## [DIRECTIONS FOR THIS TASK]
Emit a verbatim copy of the lines below from the line with "segeln lernen in Haren segelschein" through the line with "Der weltberühmte Orchesterleiter", excluding pictures and everything outside that range.

## [RECORD EXTRACTS]
====================
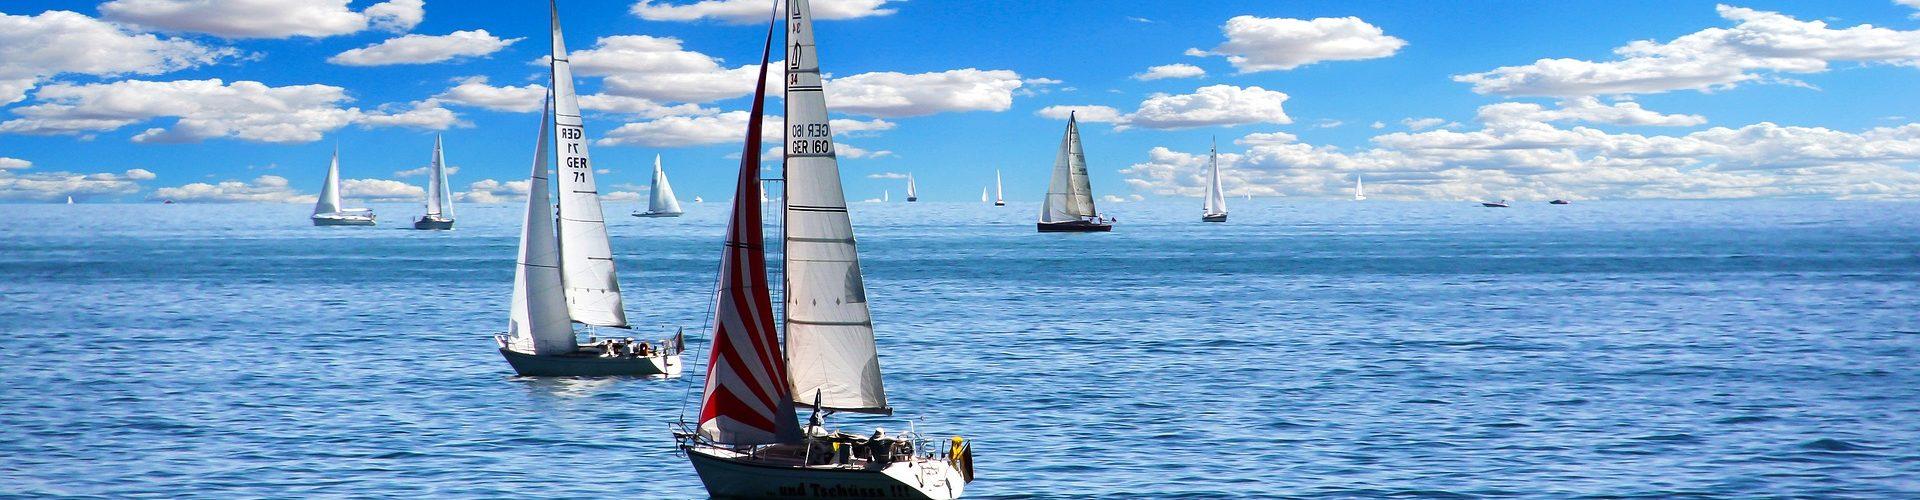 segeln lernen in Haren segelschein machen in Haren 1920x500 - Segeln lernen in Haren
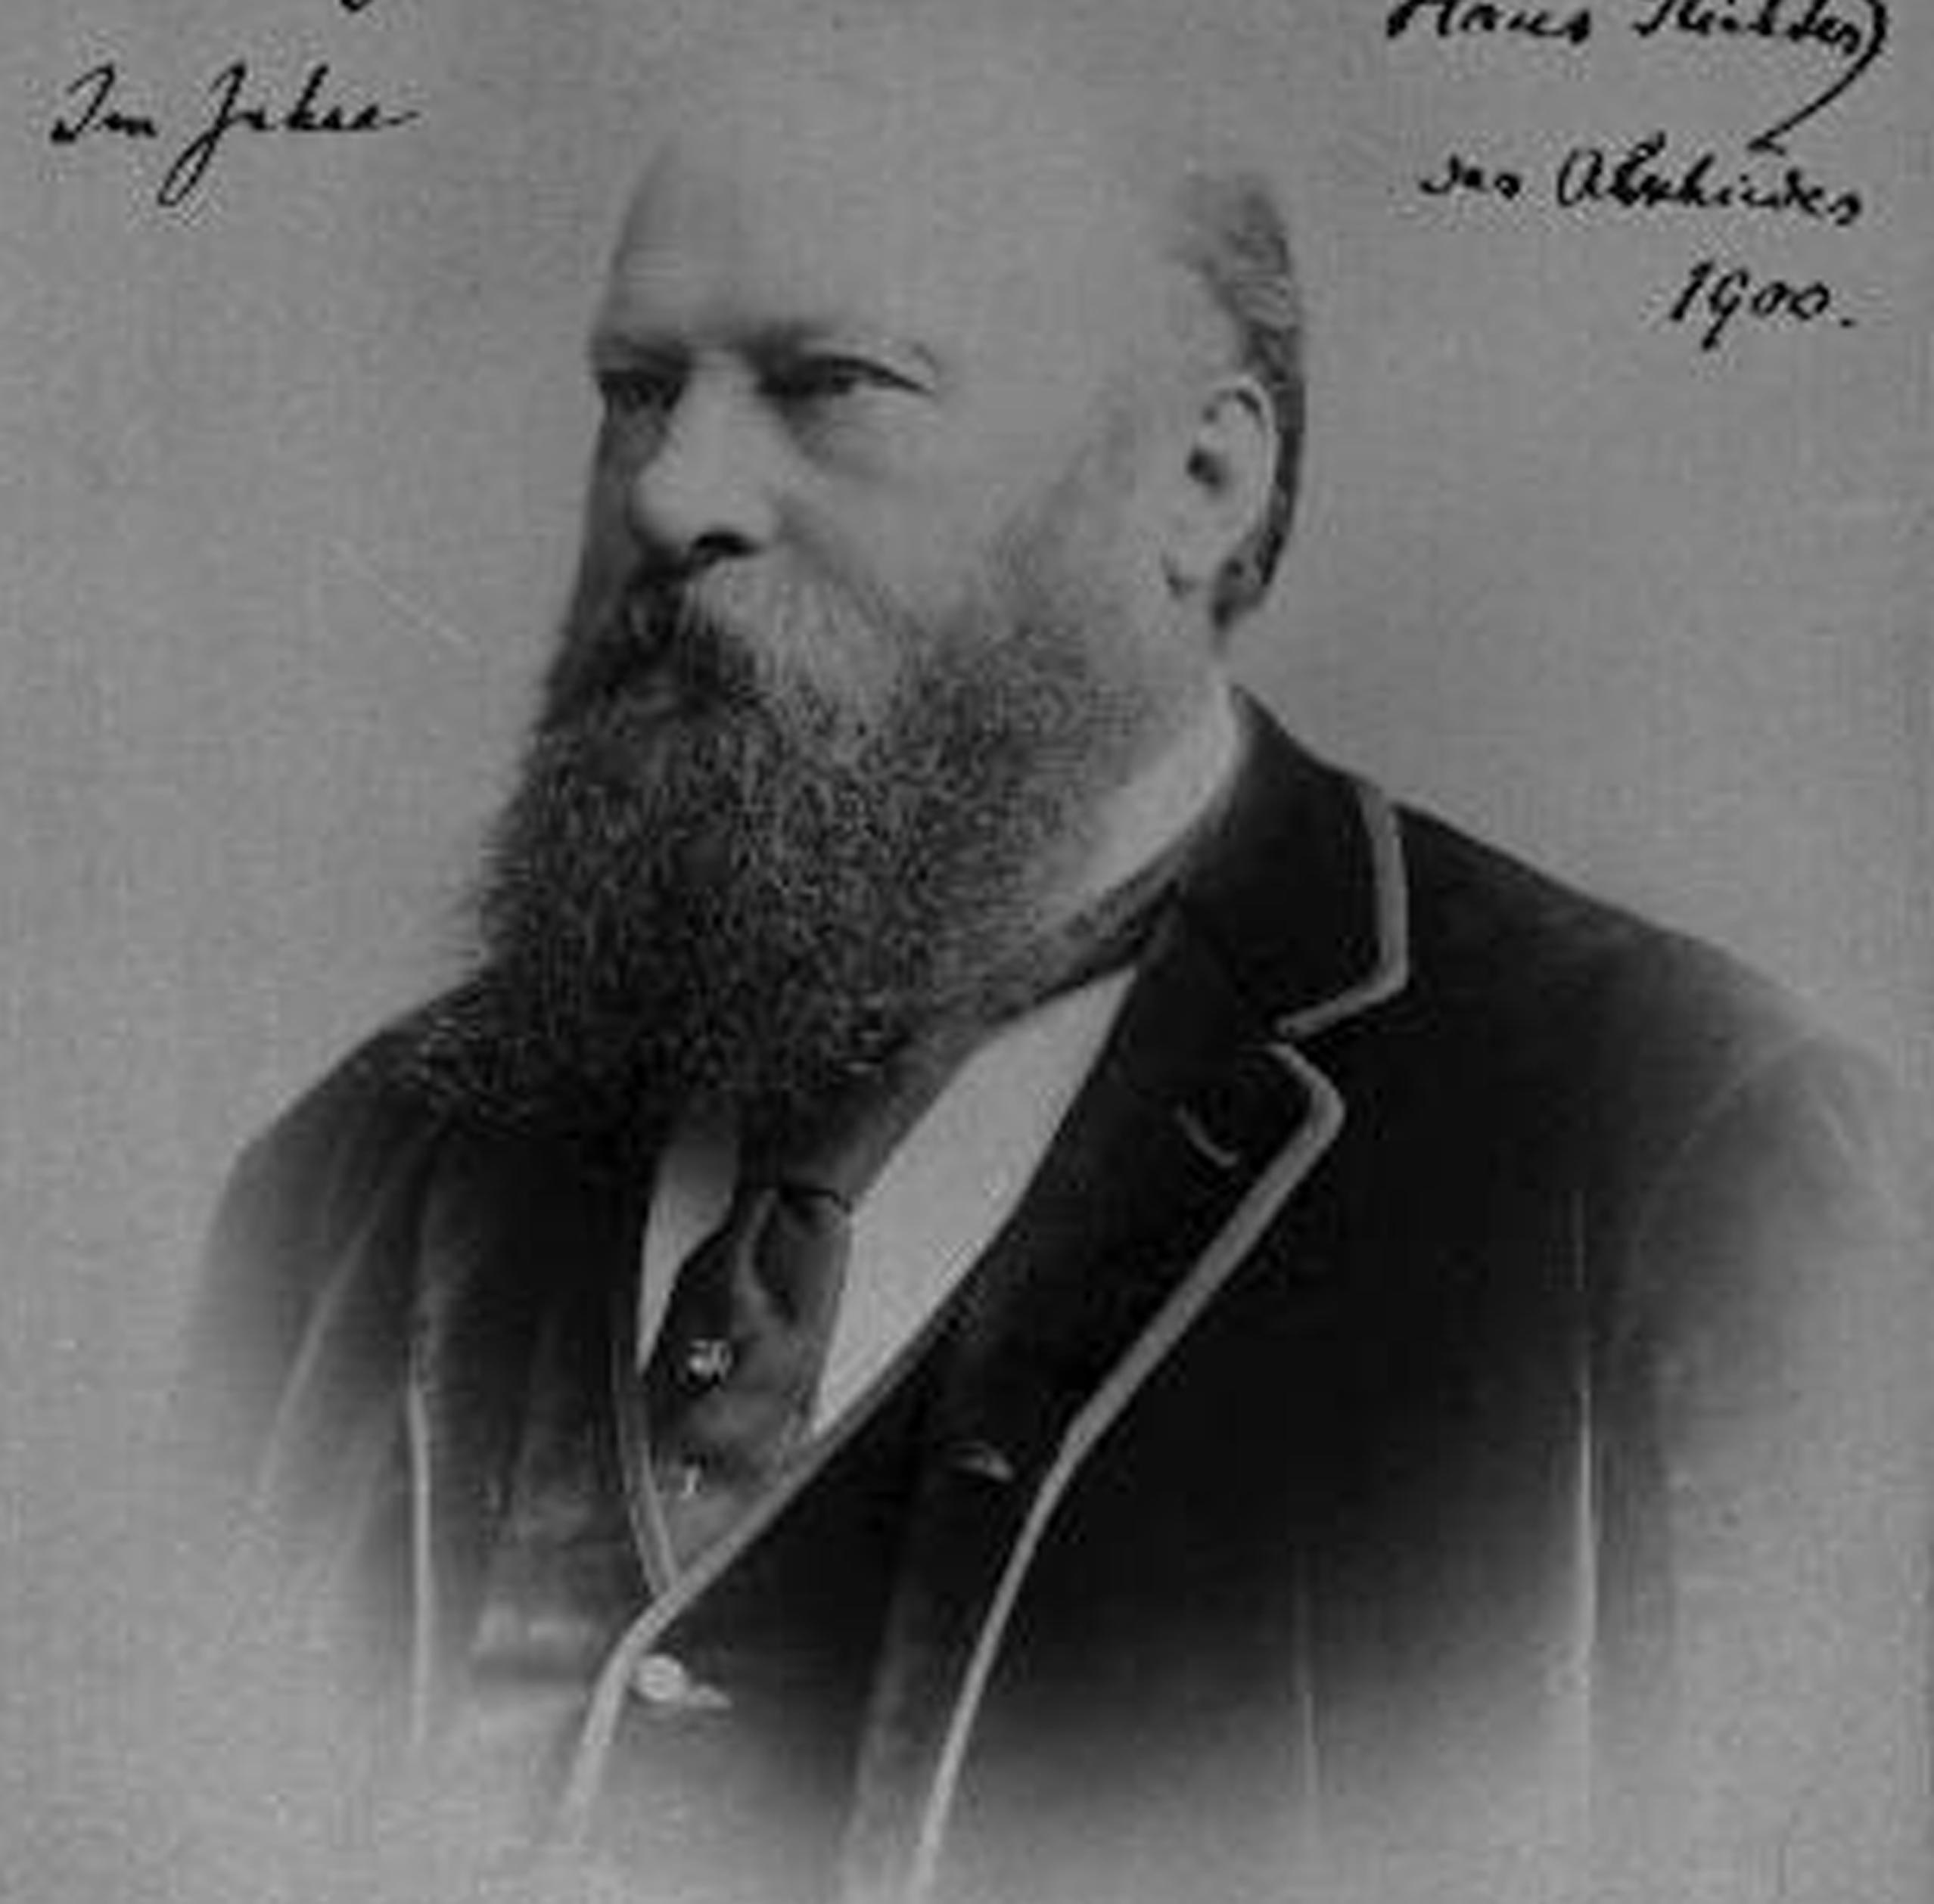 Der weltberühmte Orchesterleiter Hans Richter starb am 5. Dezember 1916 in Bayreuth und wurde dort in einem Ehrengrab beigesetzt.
====================
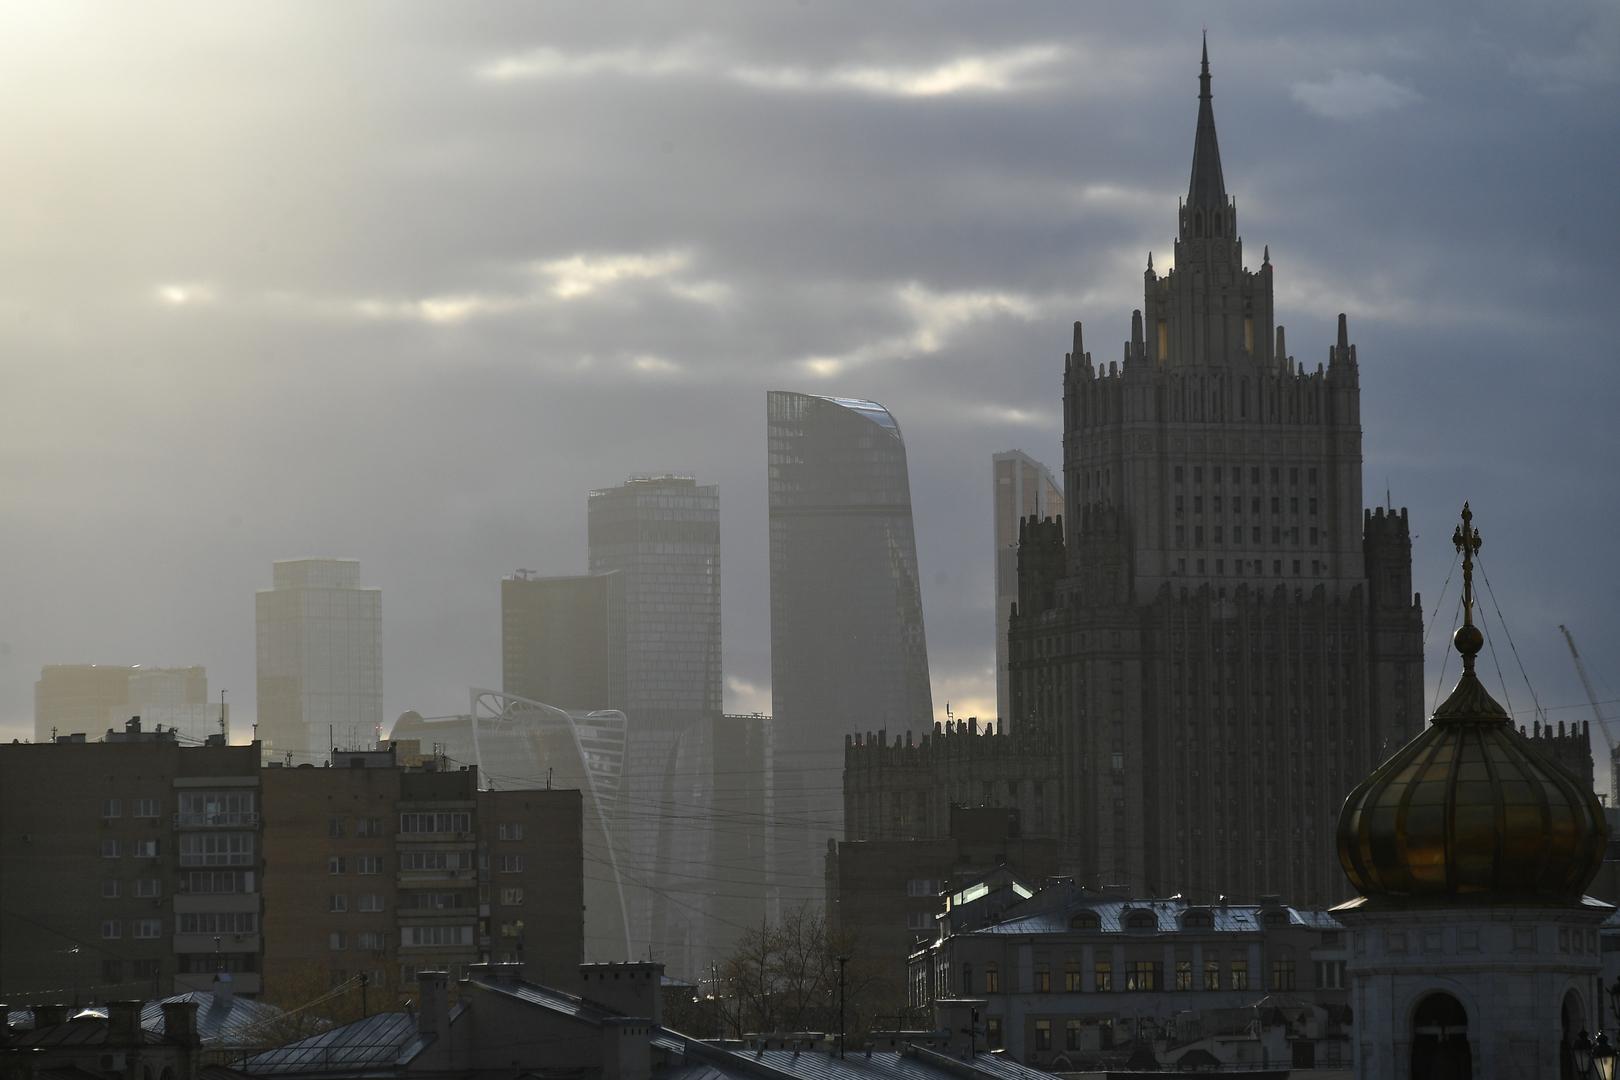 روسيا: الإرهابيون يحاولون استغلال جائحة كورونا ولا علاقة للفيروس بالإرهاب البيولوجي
====================
## [YOUR RESPONSE]
 segeln lernen in Haren segelschein machen in Haren 1920x500 - Segeln lernen in Haren
 Der weltberühmte Orchesterleiter Hans Richter starb am 5. Dezember 1916 in Bayreuth und wurde dort in einem Ehrengrab beigesetzt.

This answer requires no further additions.